ーーーー講義録始めーーーー
看護に携わる人にとって重要なのは、対象となる人間への理解を深めることです。以下では、看護の対象である人間の捉え方について説明します。
看護の対象は、単なる部分の集合としての人間ではなく、要素に還元できない全体としての人間です。看護師が注目するのは、患者が患う疾患そのものではなく、病を通してその人が経験していることにあります。この考え方はフローレンス・ナイチンゲールの時代にまで遡ります。ナイチンゲールは、人間を自然の一部と捉え、人間の生命現象は自然科学の法則だけでは説明できないものであり、病気はその人が置かれた状況と切り離せないと述べています。
世界保健機構(WHO)は、健康を「完全な肉体的、精神的、社会的に良好な状態であり、単に疾病または病弱がないということではない」と定義しています。この健康の定義は、人間を全体として見る必要性を示し、要素還元主義に対する全体論的な視点を反映しています。
人間は臓器や細胞といった部分に分けて観察することで理解が進む一方、人間を社会から切り離して部分だけを見ても十分には理解できません。人間は部分の総和ではなく、全体として統合されている存在です。

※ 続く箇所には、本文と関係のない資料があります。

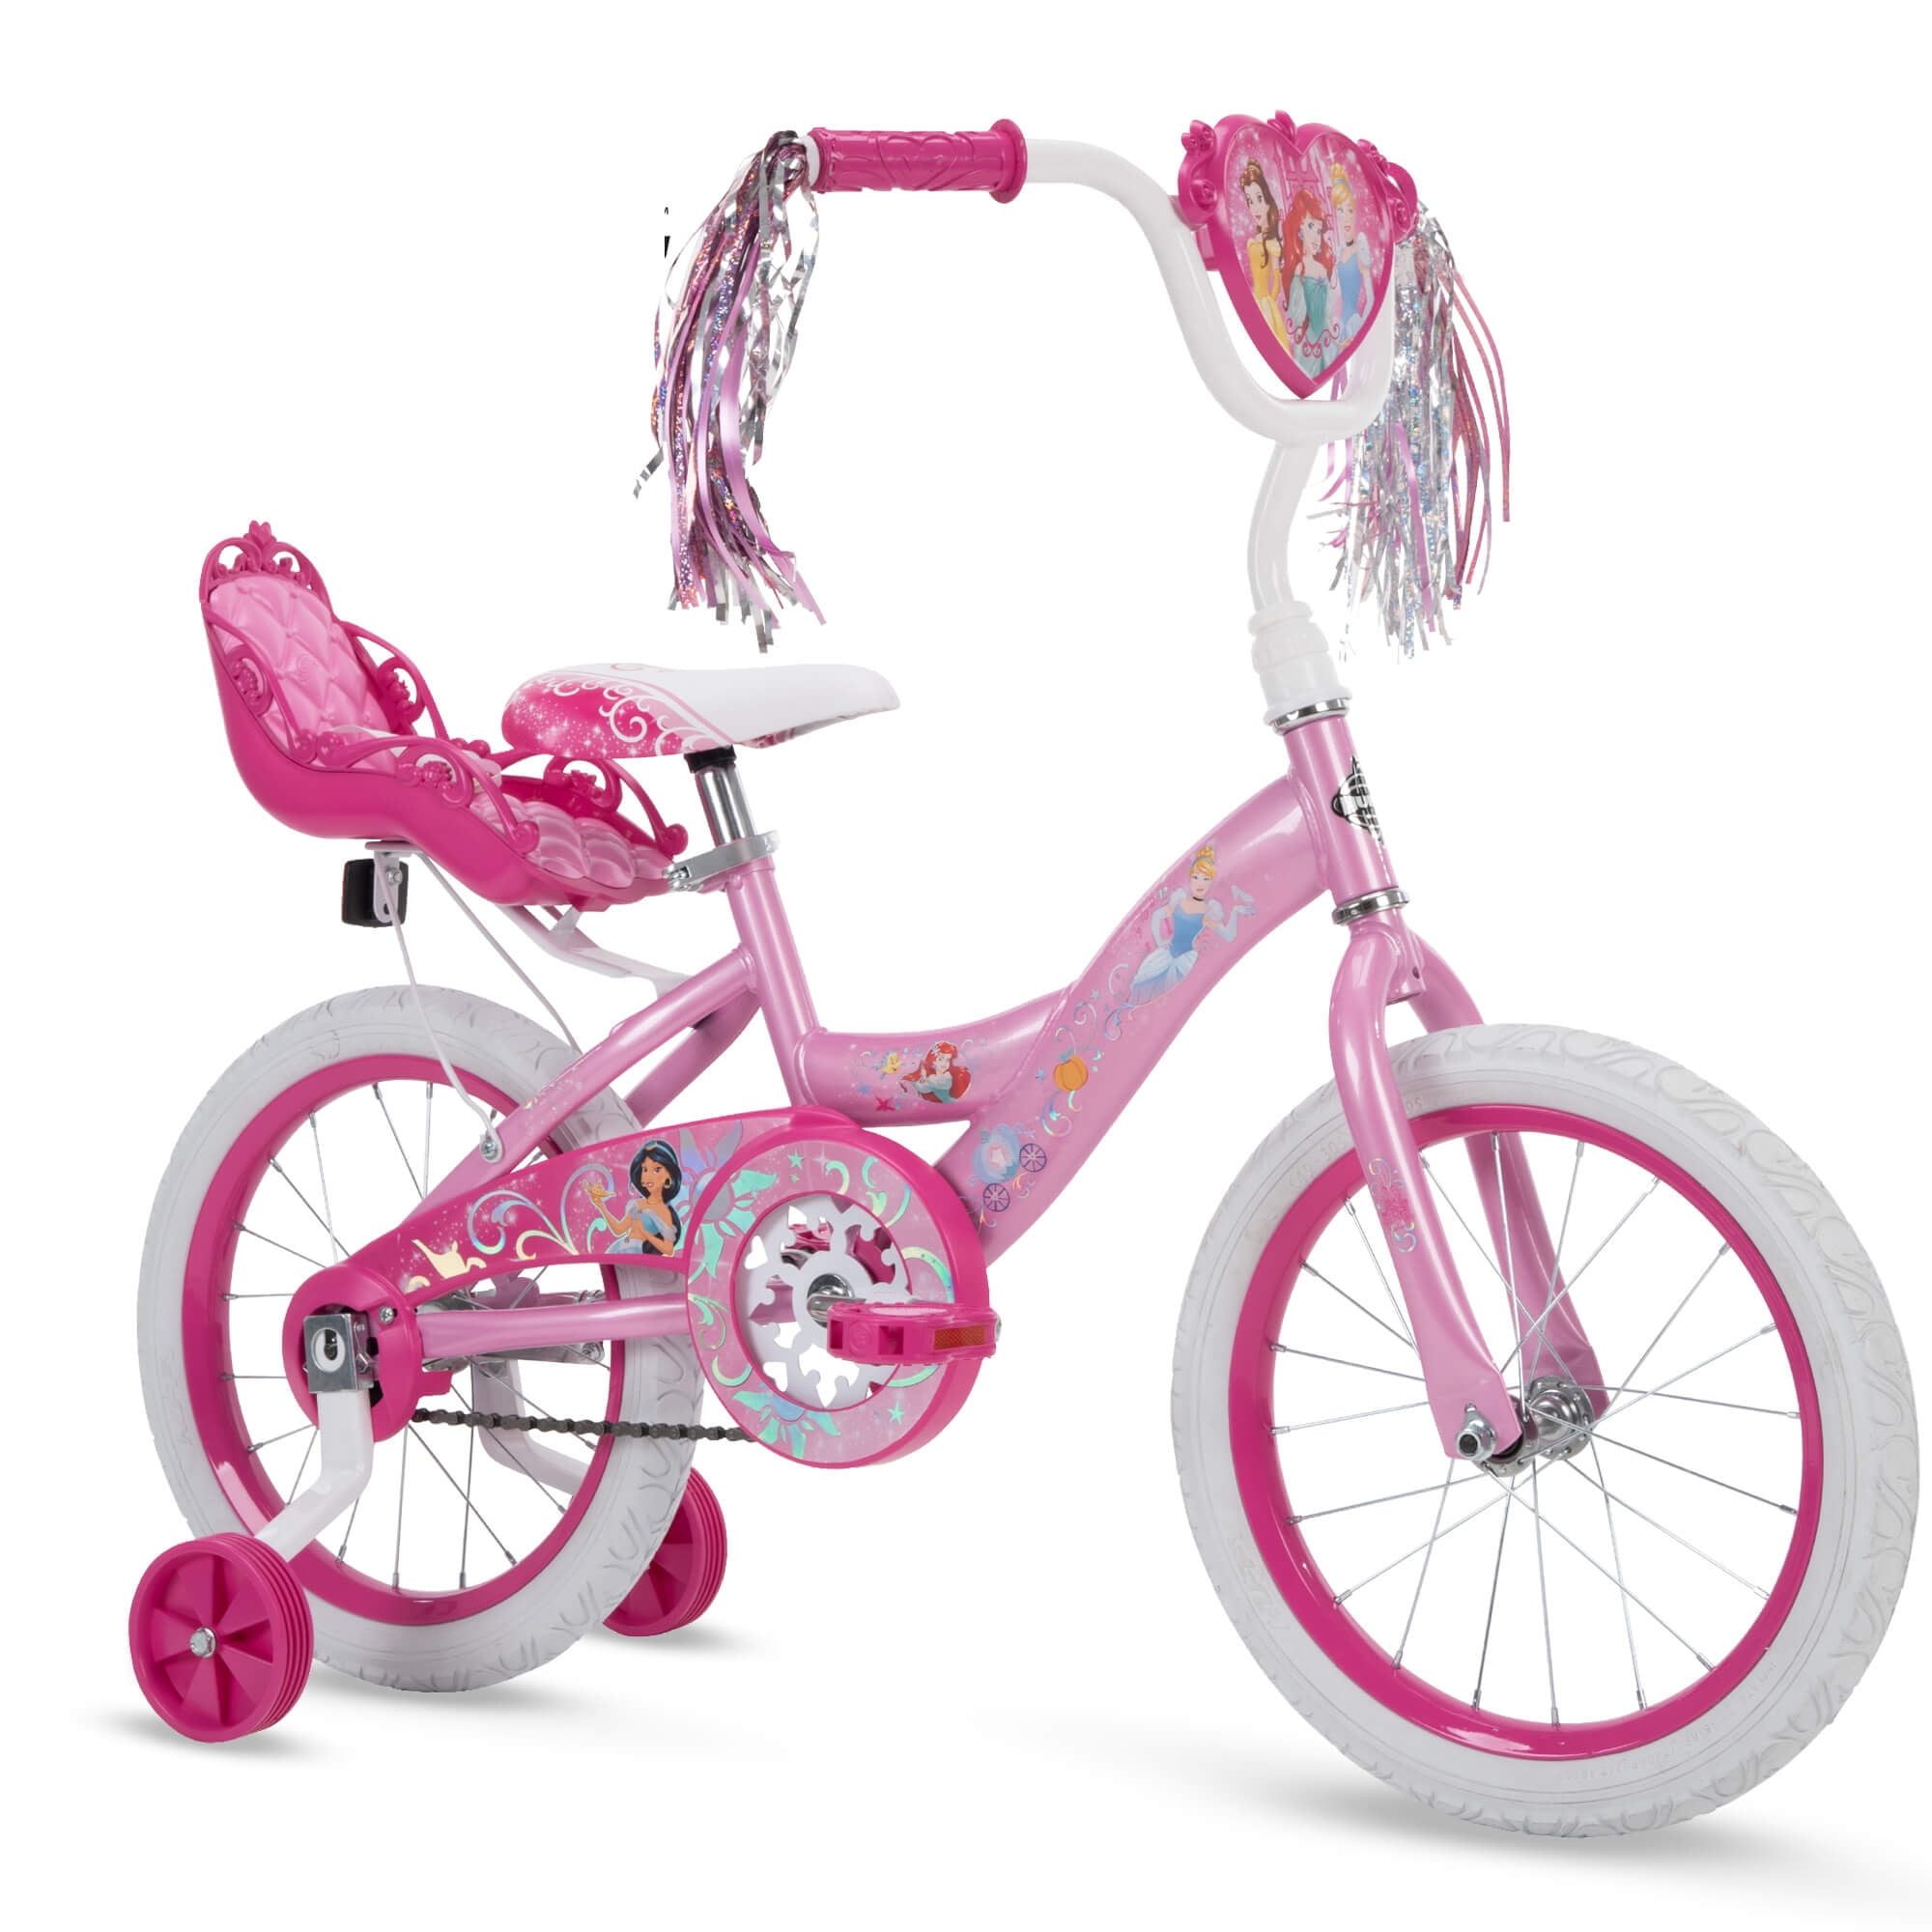 Diisney Frozen 12" Girls Bike with Doll Carrier by Huffy

看護が対象とする人間を捉える枠組みは理論によって異なります。ヘンダーソンは、人間を「14の基本的ニーズを持つ存在」と定義し、これら全体を捉えることで人間の統合的な理解が得られると考えました。一方、オレムは、人間をセルフケア要件とセルフケア能力を持つ存在と捉え、普遍的セルフケア要件、発展的セルフケア要件、健康逸脱時のセルフケア要件の3つに分類しました。これらの要件が潜在的または顕在的に表れる人間を看護の対象とし、それぞれのセルフケア能力を支援することが看護の役割であるとしています。

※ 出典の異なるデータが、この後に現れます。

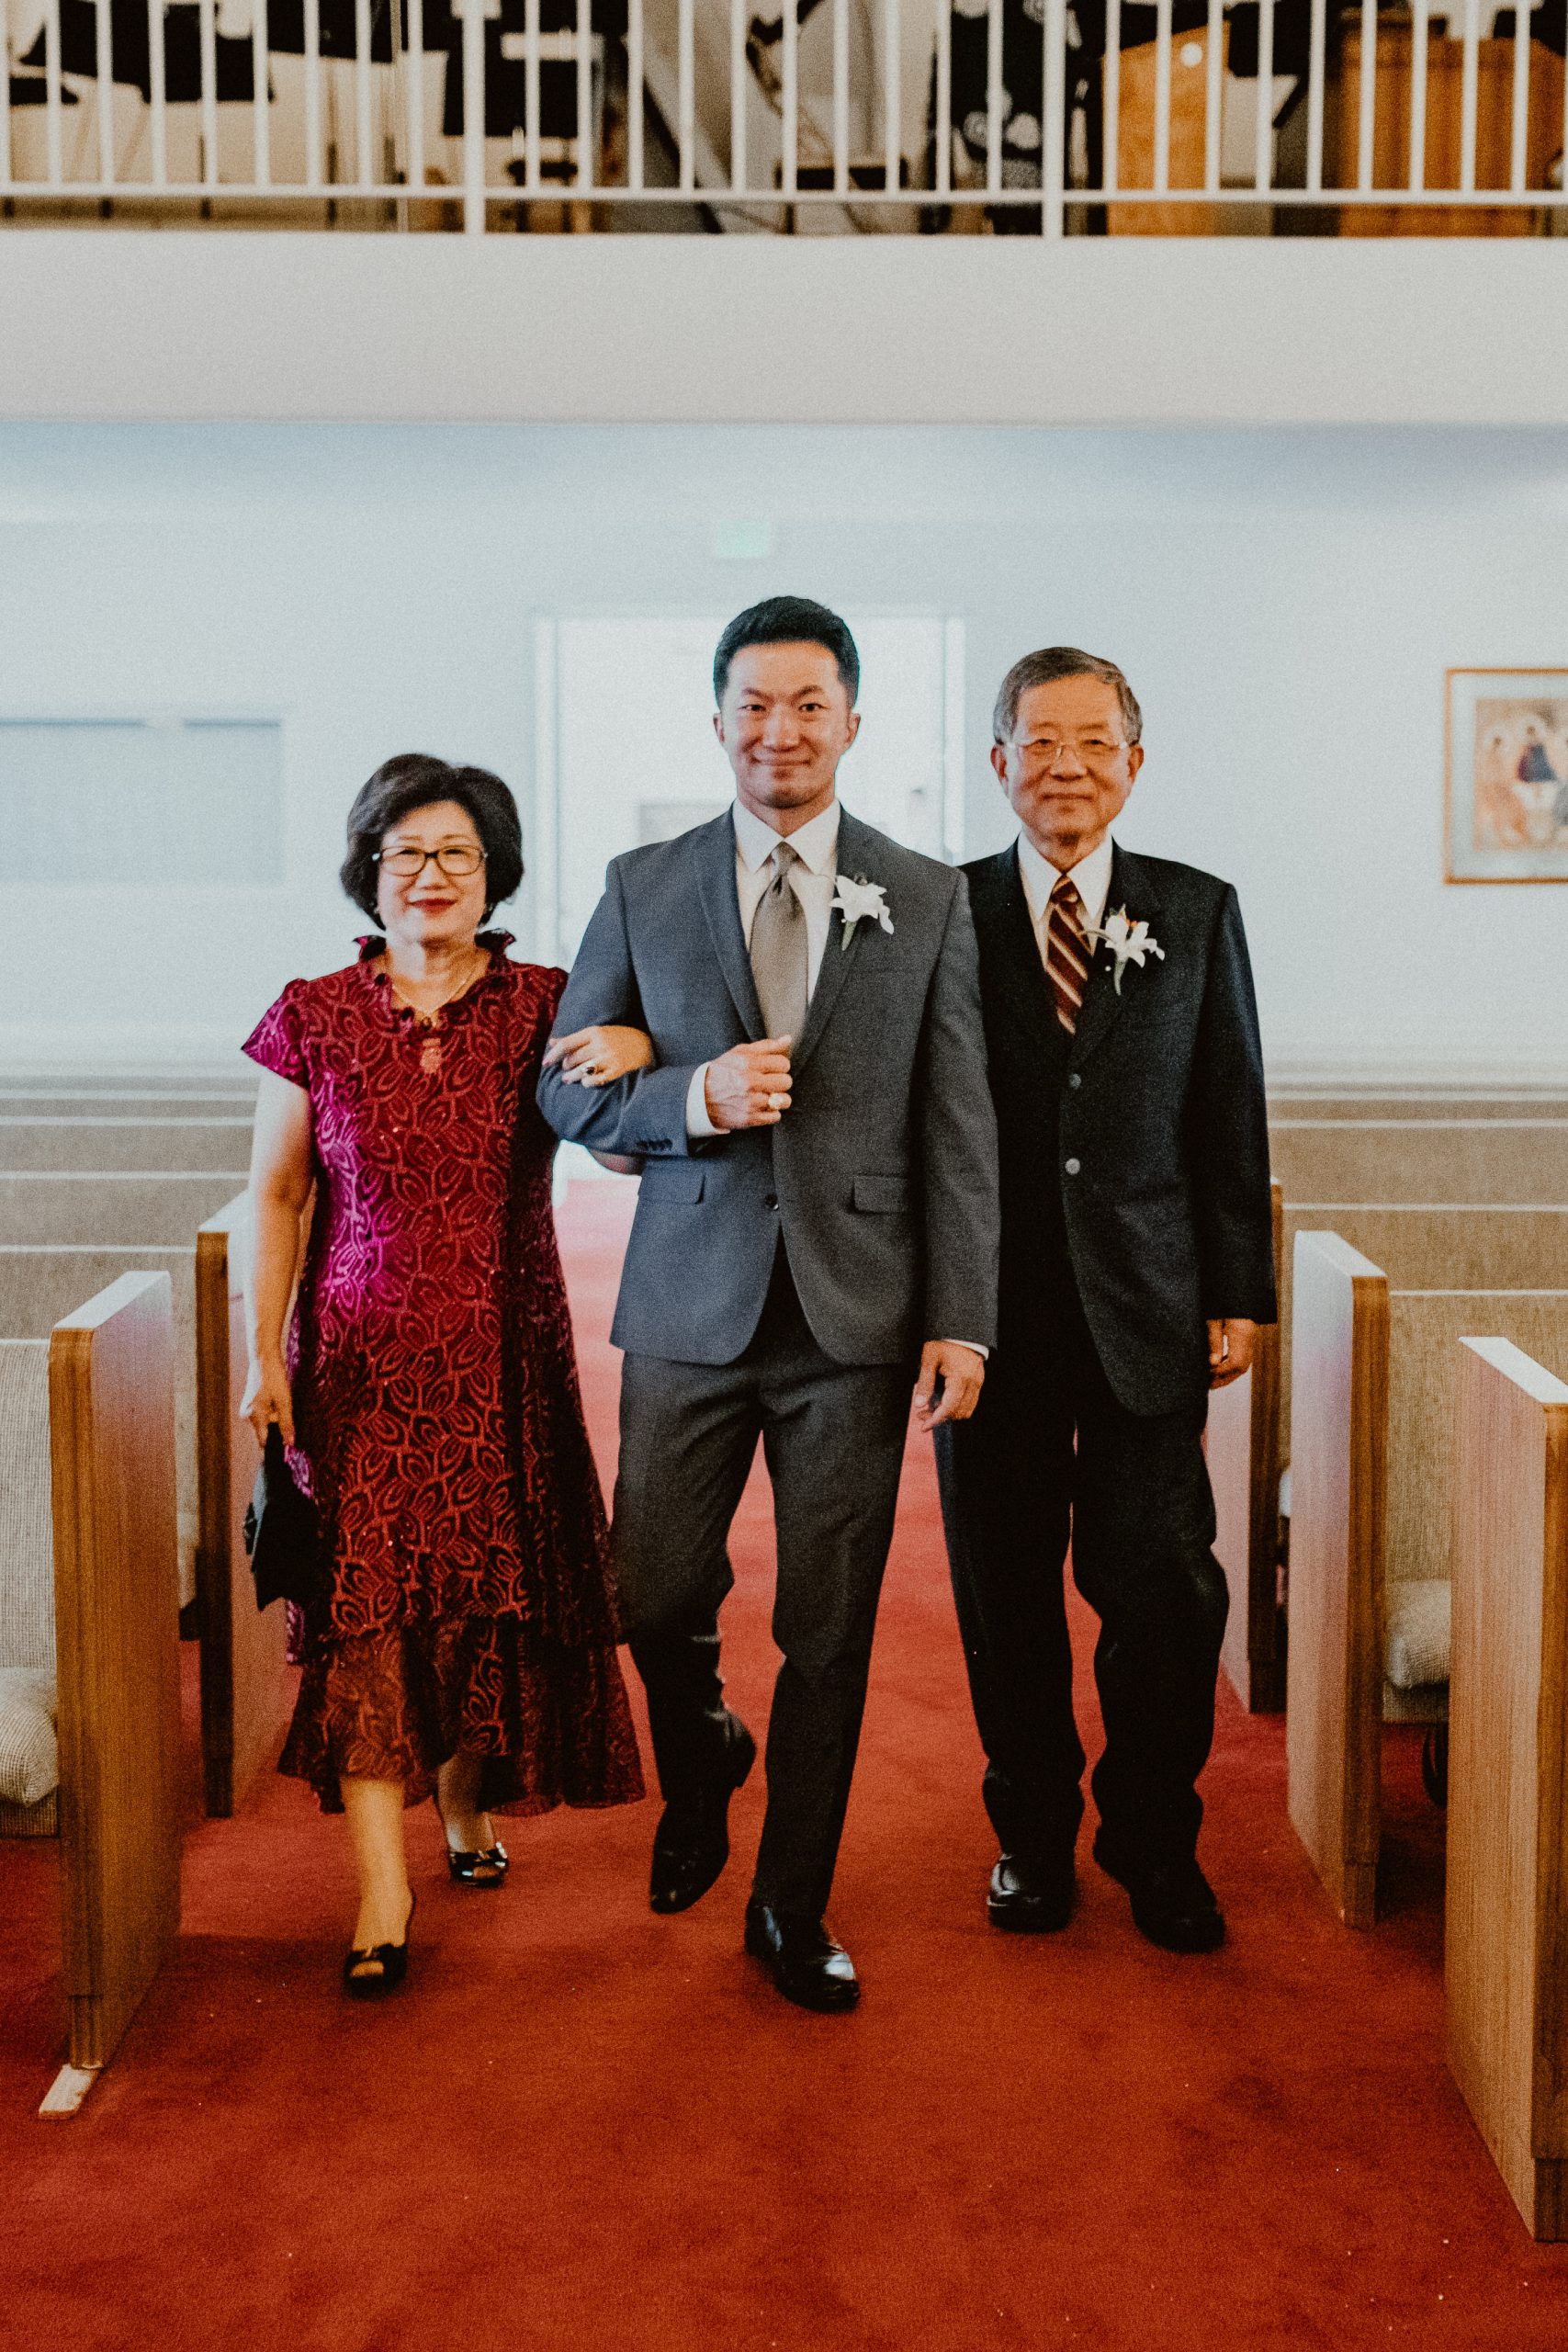 Groom walks down the aisle in a blue-grey suit with his mother wearing a maroon colored dress and his father with a black suit and boutonniere pin

さらに、ロイは、人間が生理的様式、自己概念様式、役割機能様式、相互依存様式の4つの適応様式を持つ存在であるとし、これらの適応を促進することが看護であると述べています。
これらの理論的枠組みは異なりますが、共通しているのは、人間の統合性を考慮し、統合的に捉えることを重視している点です。どの理論的枠組みを用いるにしても、人間の全体性を理解しようとする姿勢が重要です。